Saturday, September 04, 2004

Letters from the Troops

Operation Truth describe themselves as a "non-profit, non-partisan organization that seeks to educate the American public about the truth of the wars in Iraq and Afghanistan from the perspective of the soldiers who have experienced them first-hand. "

Here are some extracts from the troops' letters featured on the website

Captain David Chasteen
I will do everything I can to wrench power from the neohawks, fundies, and morons currently at the reiqns, and return it to someone who has a little intelligence and respect for, well, the idea of not invading people at random just because you're in the mood and the polling supports it. Imagine if we spent the 20 Billion dollars we spent on this war trying to actually make things better for the starving, dirty, pissed-off people who seem enamored with the idea of sending us all to hell. Imagine if we sent real live Americens to do it in person. Actually backing up the promises the President made during the previous state of the union might be a good place to start...

...I ended up being part of an invasion force that I don't support politically but am duty-bound to support in reality. The thing that bothers me about the glory that comes from this job is that Americans, almost universally apply it without any caveats. Very few people, mostly soldiers and the people very close to them realize that war itself is not a noble thing. That the soldiers coming back from this war should be praised, but not for the things that most Americans think they should be praised for. I am not happy about this war. I am not glad to be here. I am not glad that I risked my life for something as stupid as this. But I did take an oath to follow the orders of the president and a lot of parents were counting on me to get their kids home safe, and I did that. And I did risk my life to serve my country which is more than just about any of the congressmen and the president who sent me here can say...

Specialist Zach Petersen
...as far as general lack of support, our unit really didn't have much support from the active duty component. We had to drive out to their compound at the Iraqi Olympic stadium to STEAL -- not receive -- our bottled water. Our body armor was just a flack vest...

A soldier with a blog
..I spoke with an Army Captain the other day who was telling me that the Global Security civilian Contractors who work here in Iraq with us are referred to as: "Black Death" by the locals downtown

Quartermaster
Some new soldiers were sent to the unit that did not recieve the new interceptor vest at Ft. Stewart and I could not get them one in Kuwait, but they were outfited with them despite this fact. Some members of my unit that wouldn't be on the front line, including me gave them ours. I realy didn't want to give up my protection, but it was my job to outfit my company for war and if a soldier died because I didn't do my job I couldn't live with myself. I wish our leaders in government felt the same as I do.

I remember the night that the 2nd Brigade entered Iraq. A group of us were gathered around talking. The sky was suddenly filled with lightening. It was our artilery firing on Iraqi border positions.
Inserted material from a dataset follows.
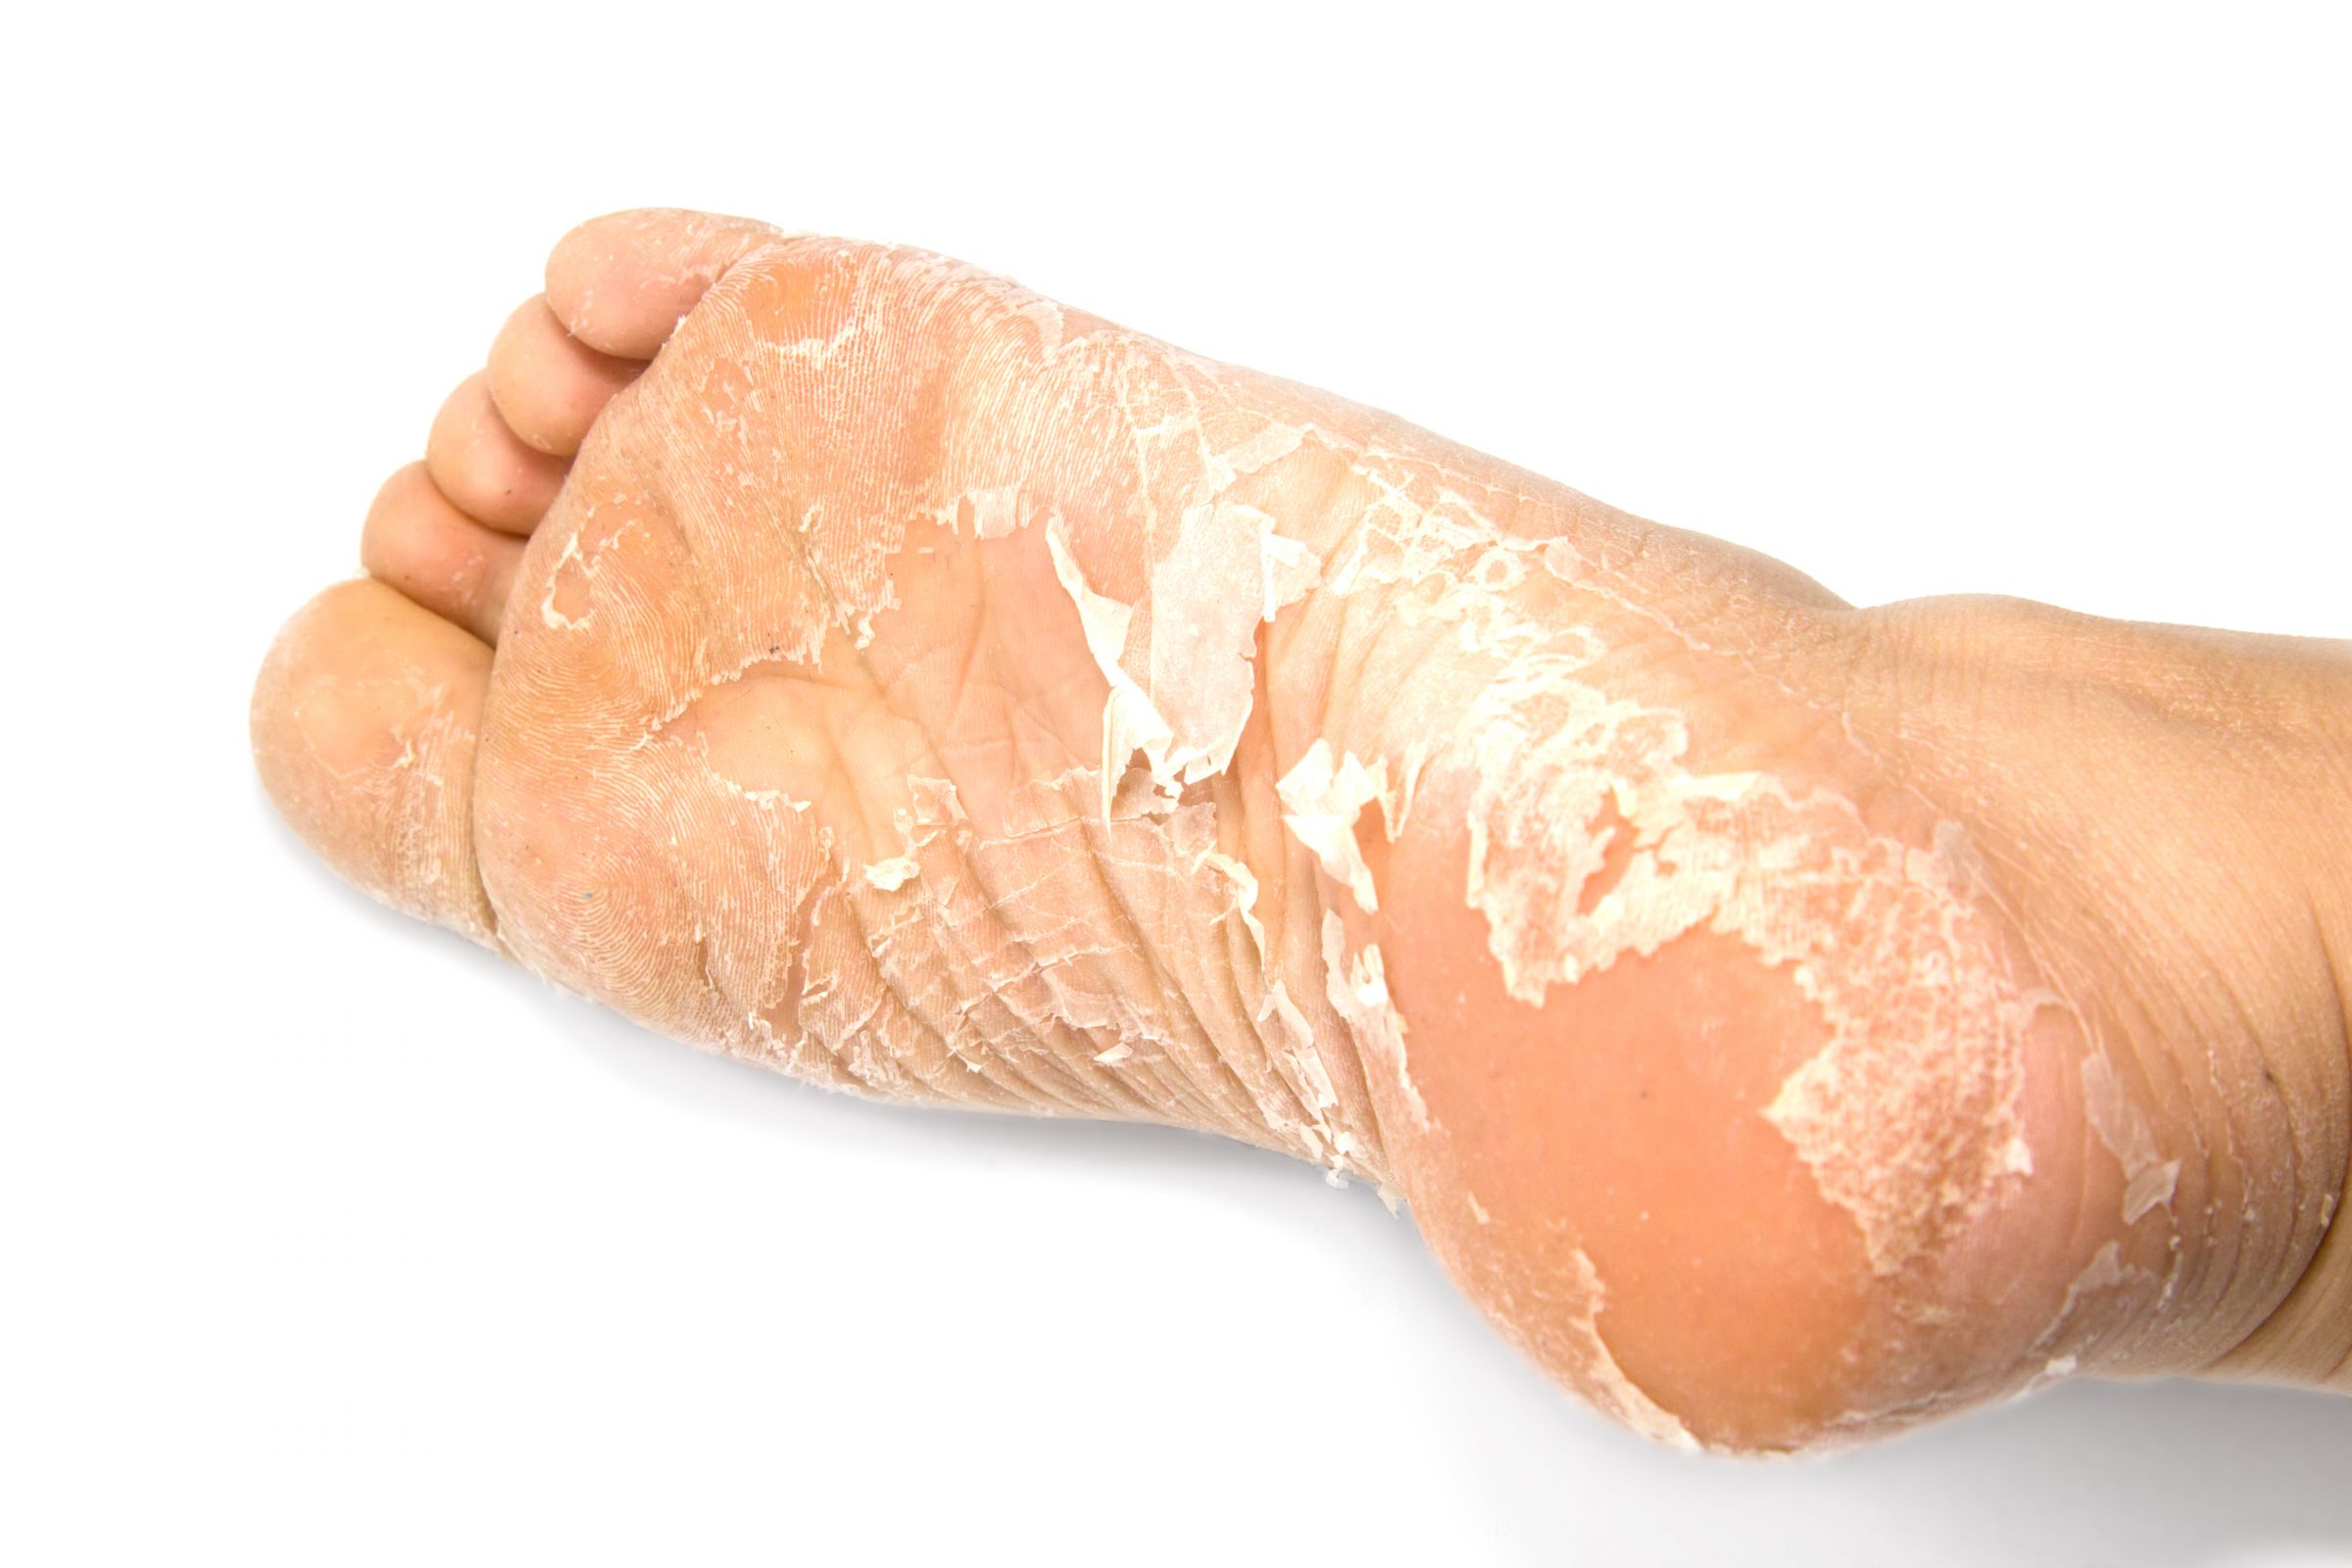 หน้ากากลอกเท้าเป็นหนึ่งในหน้ากากเท้าที่ลูกค้าของ BIOCROWN สามารถซื้อได้
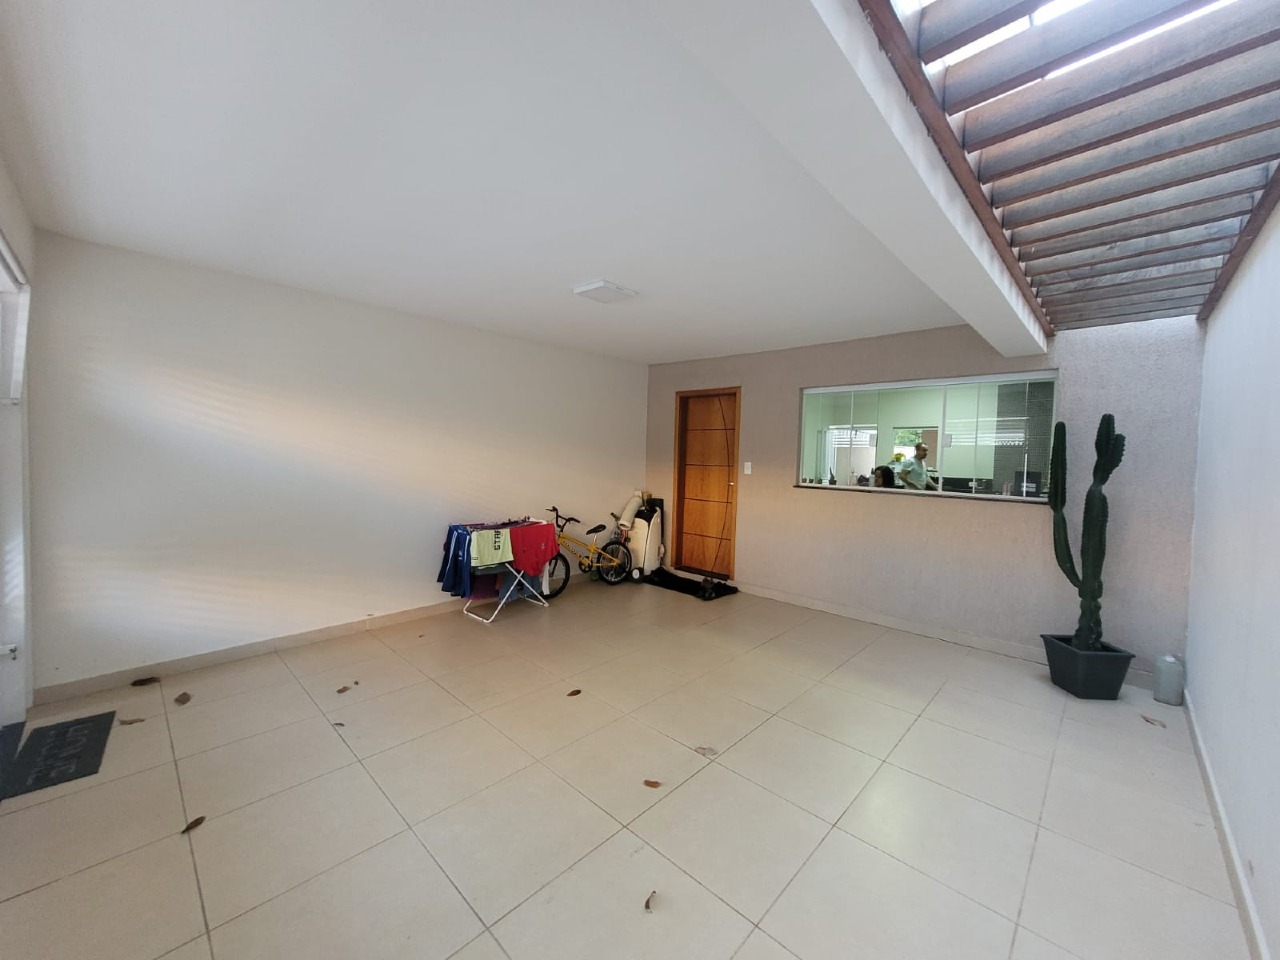 Casa à venda, 4 quartos, sendo 1 suíte, 2 vagas, no bairro Jardim Brasília em Piracicaba - SP

My xo somberly said, "Iraqi's are dying." I was very sad. We were later told that our group would be crossing over in the morning. I prayed very hard that night. I didn't pray for myself. I think praying for ones self is selfish. I prayed for the Iraqi people and for the Iraqi soldiers. I knew what was coming at them. I had built some of it. I prayed that they would run away and not fight. I knew if they did they would die.

Murph
My one year ‘boots on the ground’ came to an end in May. In Kuwait and just days from flying home, Secretary Rumsfeld reneged on his one-year promise and extended my unit’s tour by three months. We headed back to Iraq. Our new mission was to guard Halliburton truck drivers, civilian contractors who made three and four times my $20,000 salary.

I wondered what on earth civilian truck drivers were doing in a combat zone. Riding with Halliburton on long convoys, we faced roadside bombs, rocket-propelled grenades and small arms fire to protect these high-paid contractors.

Finally, we were sent home in August. I enlisted in the Army Reserve following September 11, 2001, one of the hardest and best decisions I have made in my life. I love the United States, the Army and my unit. Out of this deep love ask that we as Americans take a long look in the mirror. We must ask ourselves who we are and what we stand for. We as a nation must face the monster we have created in Iraq sooner rather than later. We must find a way out of the mess in Iraq with minimal loss of American and Iraqi life. We owe it to the soldiers on the ground and the embattled Iraqi people.